In 1979, Cheap Trick had a Billboard Hot 100 hit with an unlikely song. The track, “I Want You to Want Me,” was one of the Illinois rock band’s biggest songs, but it failed to chart when it was originally released as a studio version on their 1977 album In Color. Two years later, the stars aligned to make a live version of the song the band’s breakout hit in the U.S.
Who can forget lead singer Robin Zander’s intro, which is still widely viewed on YouTube. “And this next song is called ‘I Want You … to Want Me,” Zander slowly said, pointing to himself as thousands of fans screamed hysterically.
The live version of “I Want You to Want Me” appeared on Cheap Trick Live at Budokan, and it was on the U.S. Billboard Hot 100 for 19 weeks in 1979, peaking at No. 7. But while the song received a second life, it almost wasn’t included on the live album at all.
In an interview with Louder, founding guitarist Tom Petersson recalled that his bandmate RickNeilson wrote the song in response to the pop and disco songs that were taking over the radio.
“My recollection is that he just did that song as a bit of a joke, because at the time when we had done that song, there was a lot of pop music on the radio – ABBA, and all sorts of things, disco,” Petersson said. “He thought, ‘I’m just going to do an over-the-top pop song. I just want to do one that’s so silly – total pop – and then we’ll do a heavy version of it’. He didn’t know what was going to happen with it. The idea was to have it like heavy metal pop song. Cheap Trick doing ABBA – except a very heavy version.”
Nielson explained that the idea for the song came to him because he “always wanted what wasn’t there.” “It was the easiest lyric I could think of,” he told the outlet. “It was just as bad as all the other songs that were out at the time. It’s hummable and it’s listenable.”
When the studio version of “I Want You to Want Me” didn’t hit, the band still played it in shows—sometimes. In the spring of 1978, they included “I Want You to Want Me” in their sold-out show at Nippon Budokan in Tokyo. But Zander told the St.
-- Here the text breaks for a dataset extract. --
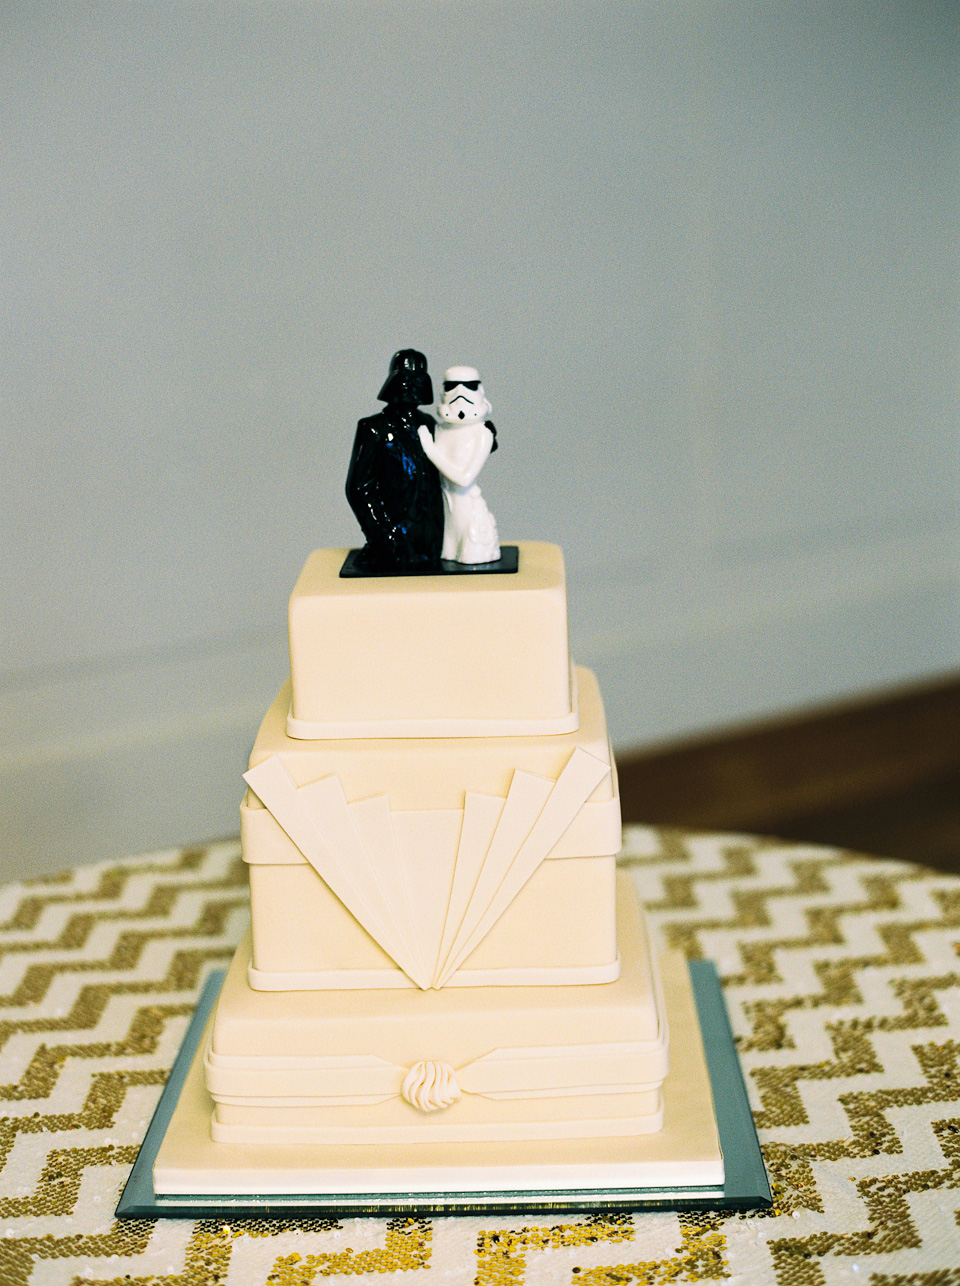 A 1930's Art Deco inspired wedding at The Assembly Rooms in London. Images shot on 35mm film by Peachey Photography.

Pete Catalystthat the song wasn’t originally on the set list that night.
“We had played that song over the first couple of years live, in clubs and stuff, and it got kind of an ‘Ehhh, okay’ response,” Zander said in 2020. “We didn’t do it every night or anything.” [It] wasn’t even in the set that we were gonna do. About 15 minutes before we were going to go on, our manager came up to us and said the Japanese production guy said we needed another song, because our set’s not long enough. He suggested putting ‘I Want You to Want Me’ in the set, so we did, and that became the big hit off the album. Who knew?”
Nearly 50 years after penning “I Want You to Want Me,” Nielson told USA Today it was an easy song to write. “I always joke that I wish I was that stupid more often, to write something that’s gone on to put my kids through school. I probably wrote it in about five minutes, and now it’s been around for ages,” he said. “Everybody kind of knows it, and it makes people happy.”